L-sorbose reductase and its transcriptional regulator involved in L-sorbose utilization of Gluconobacter frateurii

Abstract

Upstream of the gene for flavin adenine dinucleotide (FAD)-dependent D-sorbitol dehydrogenase (SLDH), sldSLC, a putative transcriptional regulator was found in Gluconobacter frateurii THD32 (NBRC 101656). In this study, the whole sboR gene and the adjacent gene, sboA, were cloned and analyzed. sboR mutation did not affect FAD-SLDH activity in the membrane fractions. The SboA enzyme expressed and purified from an Escherichia coli transformant showed NADPH-dependent L-sorbose reductase (NADPH-SR) activity, and the enzyme was different from the NADPH-SR previously reported for Gluconobacter suboxydans IFO 3291 in molecular size and amino acid sequence. A mutant defective in sboA showed significantly reduced growth on L-sorbose, indicating that the SboA enzyme is required for efficient growth on L-sorbose. The sboR mutant grew on L-sorbose even better than the wild-type strain did, and higher NADPH-SR activity was detected in cytoplasm fractions. Reverse transcription-PCR experiments indicated that sboRA comprises an operon. These data suggest that sboR is involved in the repression of sboA, but not in the induction of sldSLC, on D-sorbitol and that another activator is required for the induction of these genes by D-sorbitol or L-sorbose.

FIG. 1.

Schematic representation of gene organization, including that of sboRA, in the DNA fragment obtained from G. frateurii THD32. ORFs are represented by arrows indicating their orientation.
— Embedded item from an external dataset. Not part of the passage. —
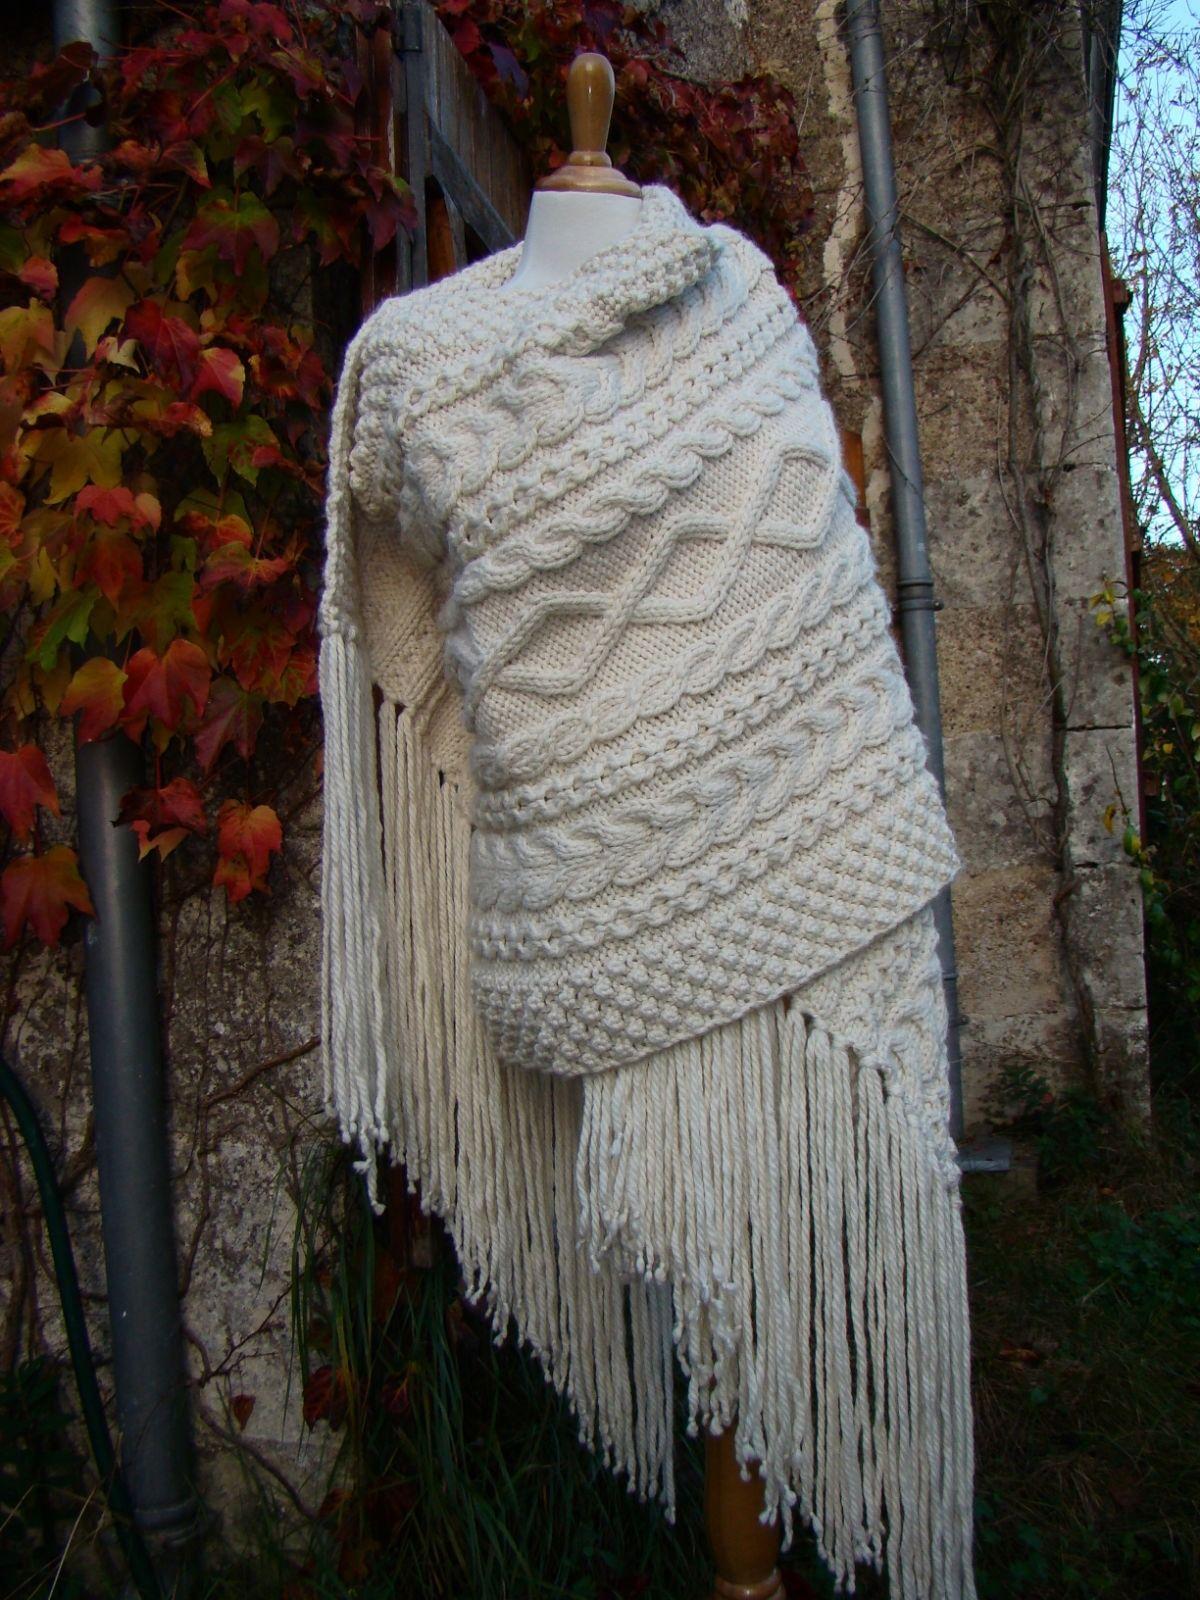 Grande Etole Irlandaise tricotée main en mérinos, alpaga et soie   Echarpe,  foulard, cravate par atelier-lune-de-nacre ed225965bae

ORF1 is not complete at its N terminus.

FIG. 2.

SDS-PAGE analysis of purified SboA. Fifteen micrograms of purified protein was applied to a 12.5% (wt/vol) polyacrylamide gel and stained with Coomassie brilliant blue R-250.

FIG. 3.

Growth and enzyme properties of wild-type and mutant strains. (a) Growth profiles of wild-type (diamonds), sboR disruptant (squares), and sboA disruptant (triangles) strains grown on different C sources, including 1% d-sorbitol (left), 0.5% l-sorbose (middle), and 1% glycerol (right). (b) Enzyme activities in soluble fractions from each mutant strain grown on different C sources. NADPH-SR activity (hatched bars) was measured in 50 mM KPB (pH 6.0), and NAD-SLDH activity (gray bars) was measured in 100 mM Tris-HCl (pH 9.0). All assays were performed in triplicate, and the means and standard deviations are shown.

FIG. 4.

Comparison of growth, l-sorbose production, and enzyme activities of wild-type and mutant strains. (a) Wild-type (closed diamonds), sboR mutant (closed squares), sboA mutant (closed triangles), sboR-complemented (closed circles), and sboA-complemented (open squares) strains were cultured on 1% d-sorbitol, and their growth was monitored with a Klett-Summerson photoelectric colorimeter with a red filter. (b) Oxidation products from d-sorbitol in the culture supernatant were measured by the resorcinol test. (c) NADPH-SR activity (hatched bars) and NAD-SLDH activity (gray bars) in the cytoplasmic fractions were measured.

FIG. 5.

Transcriptional organization of sboRA genes and examination of promoter activity in the intergenic region. (a) Schematic representation of the orientation of genes, indicated by large arrows. Thin arrows show the position and direction of the primers used, and the thick bars indicate the regions amplified by the primer pairs. Also shown is the gene region carried by pSA19 for the complementation of sboA in the same or opposite direction from that of the lac promoter, resulting in plasmid pSABsboA or pSAEsboA, respectively. (b) Agarose gel analysis of RT-PCR amplification products. The primer sets used for RT-PCR were sboR2F and sboR2R (lanes 1 and 2), sboAF and sboAR (lane 3), and sboRAF and sboRAR (lanes 4 and 5). Lanes 1 and 5 contain samples in which reverse transcriptase was omitted. (c) NADPH-SR activity in soluble fractions from wild-type and mutant strains grown on d-sorbitol medium (hatched bars) and glycerol (gray bars).